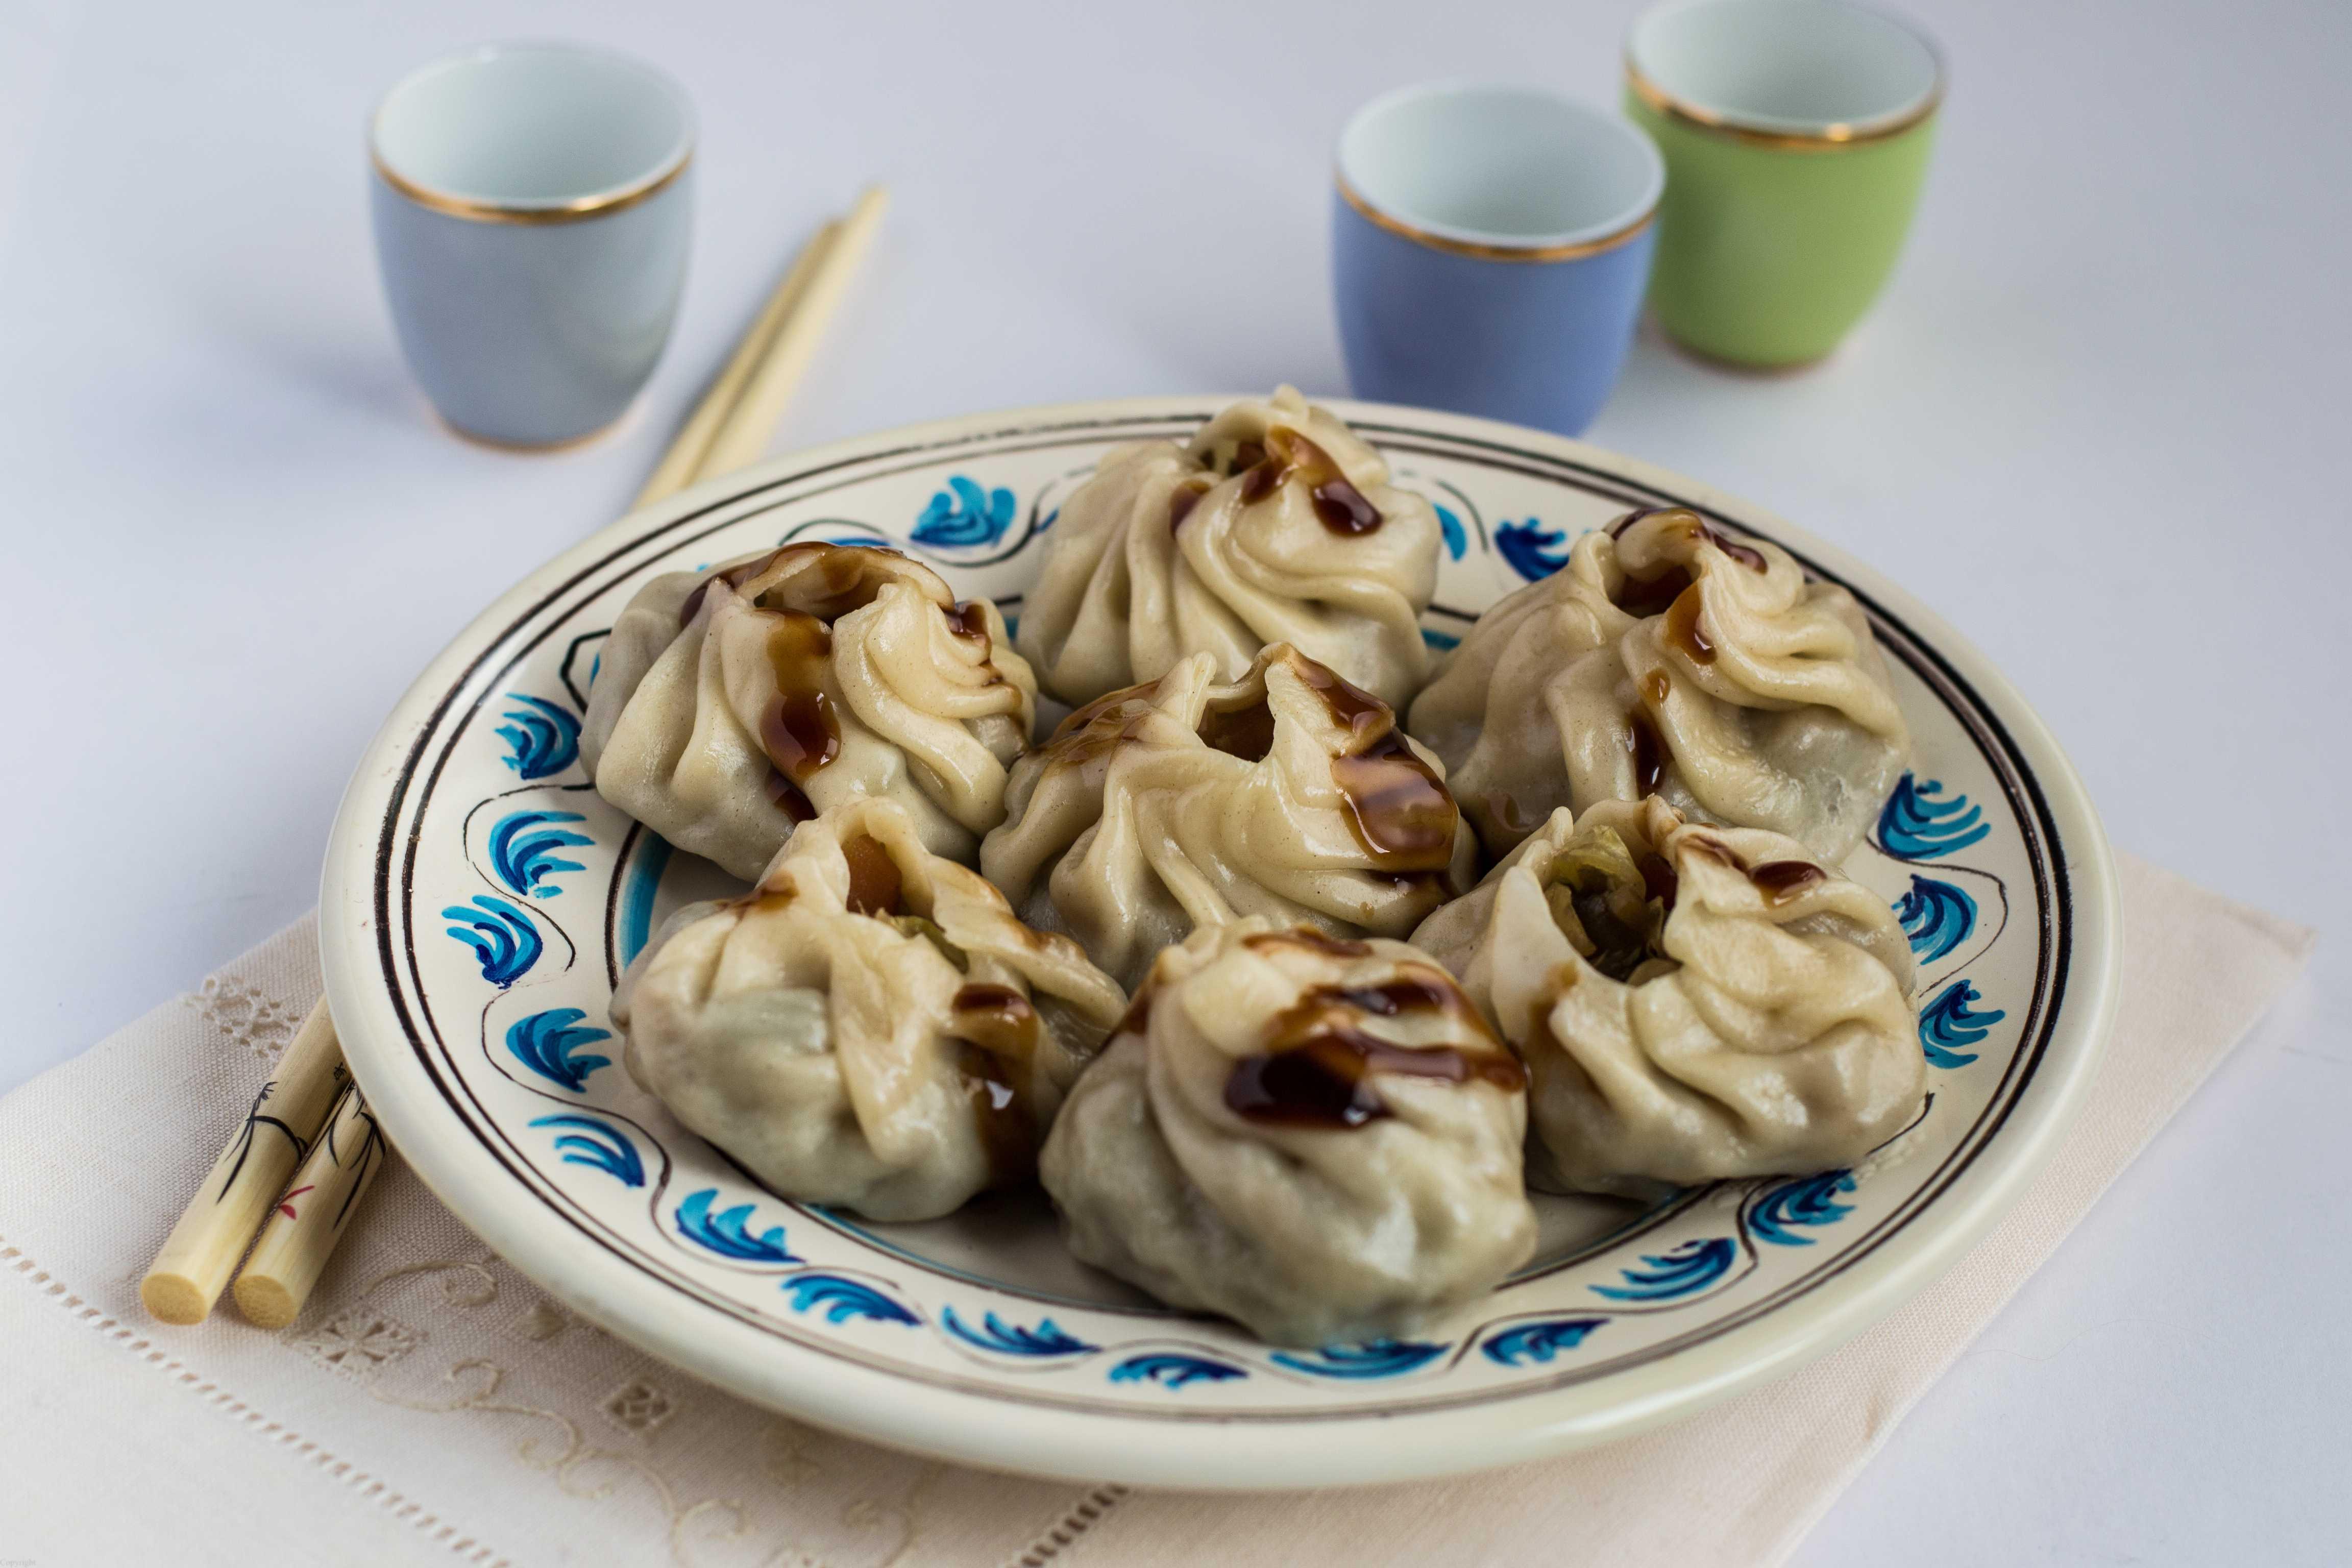 Ricetta Ravioli Al Vapore Vegetariani.Ravioli Cinesi Di Verdure Al Vapore Ricette Tamara Giorgetti D Repubblica It
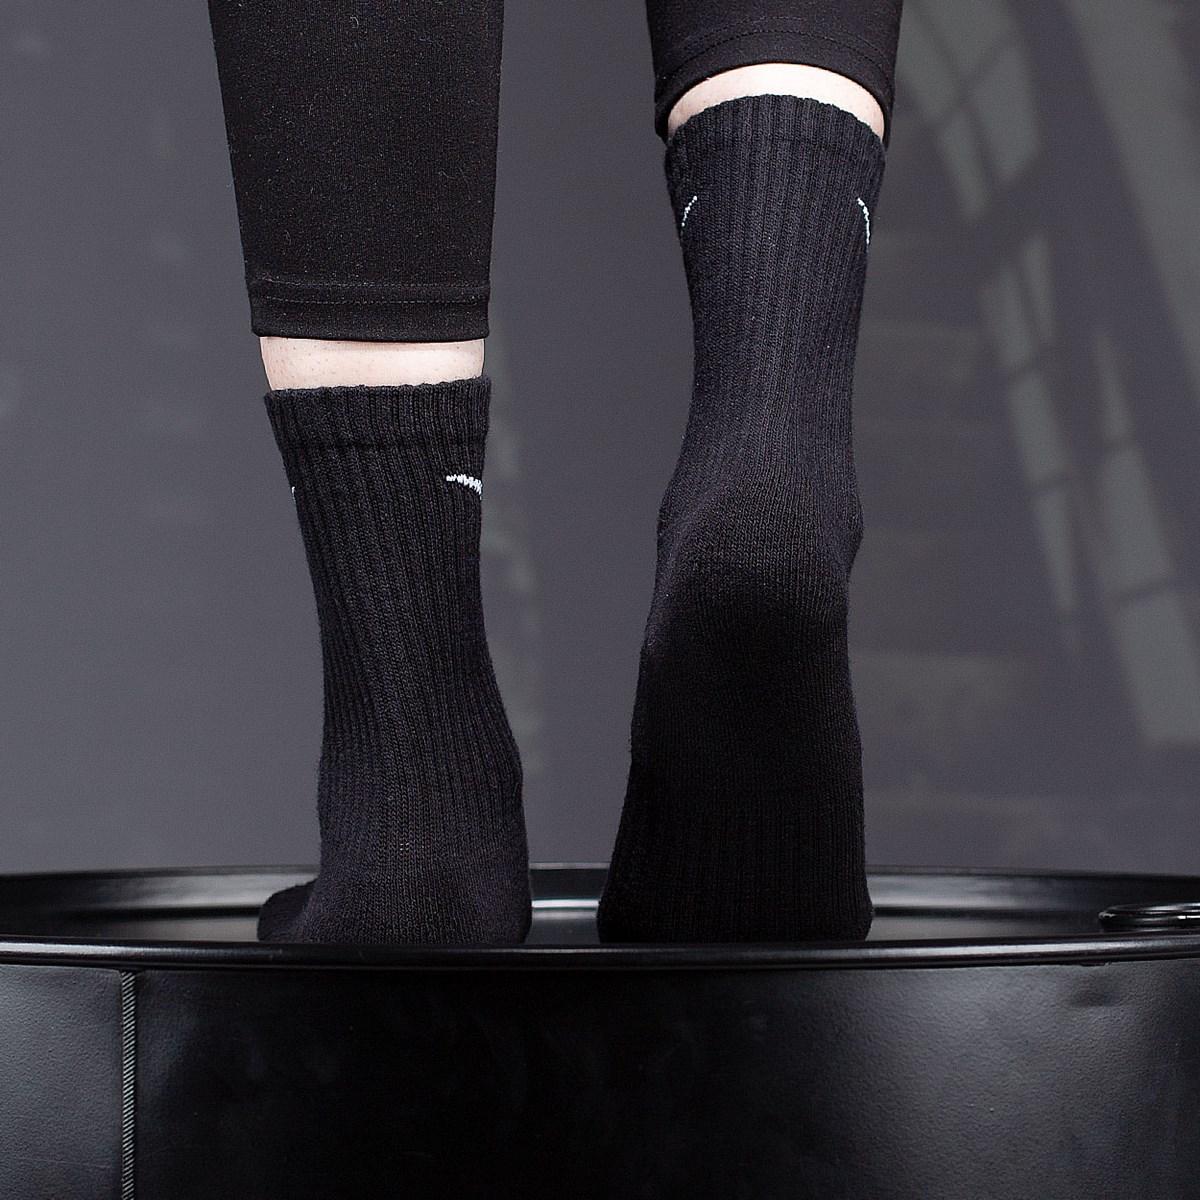 Meia Nike Unissex Everyday Cotton Cushioned Crew Kit 6 Pares Black SX7666-010
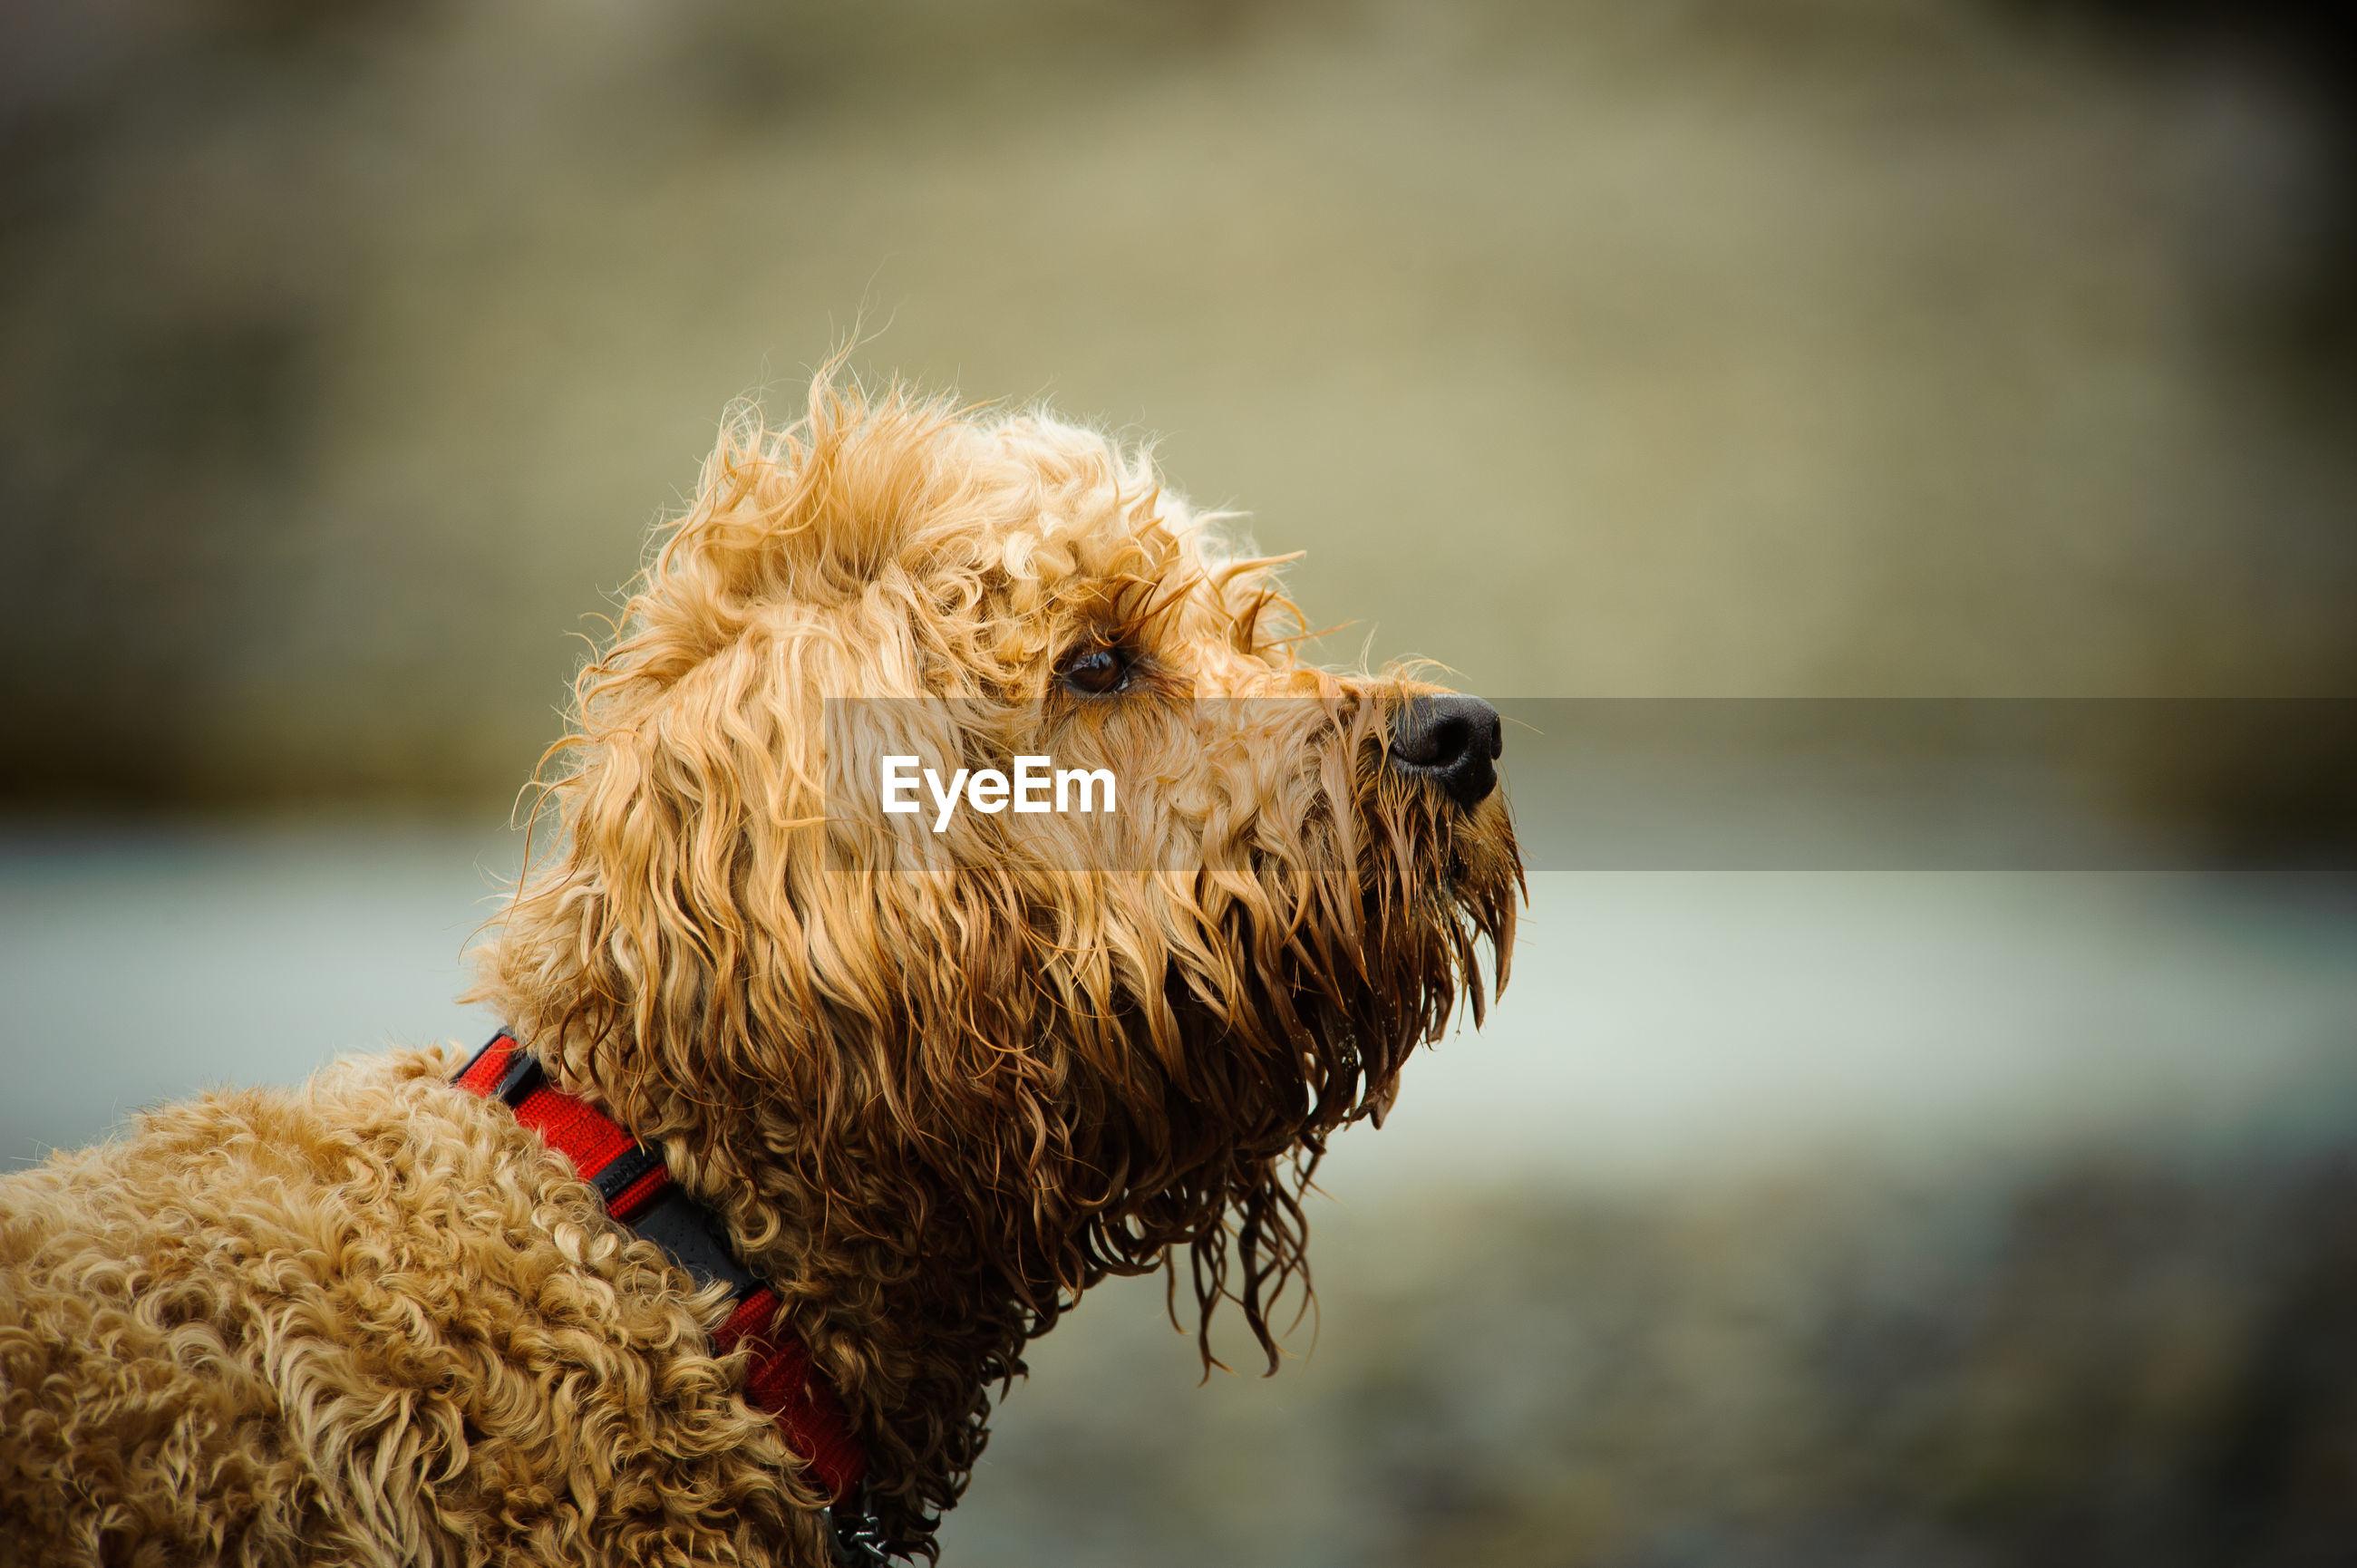 CLOSE-UP OF DOG ON STICK
--------
→ **EXERCISE DESCRIPTION**: Copy the listing word for word, excluding its pictures.

→ **EXERCISE ANSWER**:
 Ricetta Ravioli Al Vapore Vegetariani.Ravioli Cinesi Di Verdure Al Vapore Ricette Tamara Giorgetti D Repubblica It
 Meia Nike Unissex Everyday Cotton Cushioned Crew Kit 6 Pares Black SX7666-010
 CLOSE-UP OF DOG ON STICK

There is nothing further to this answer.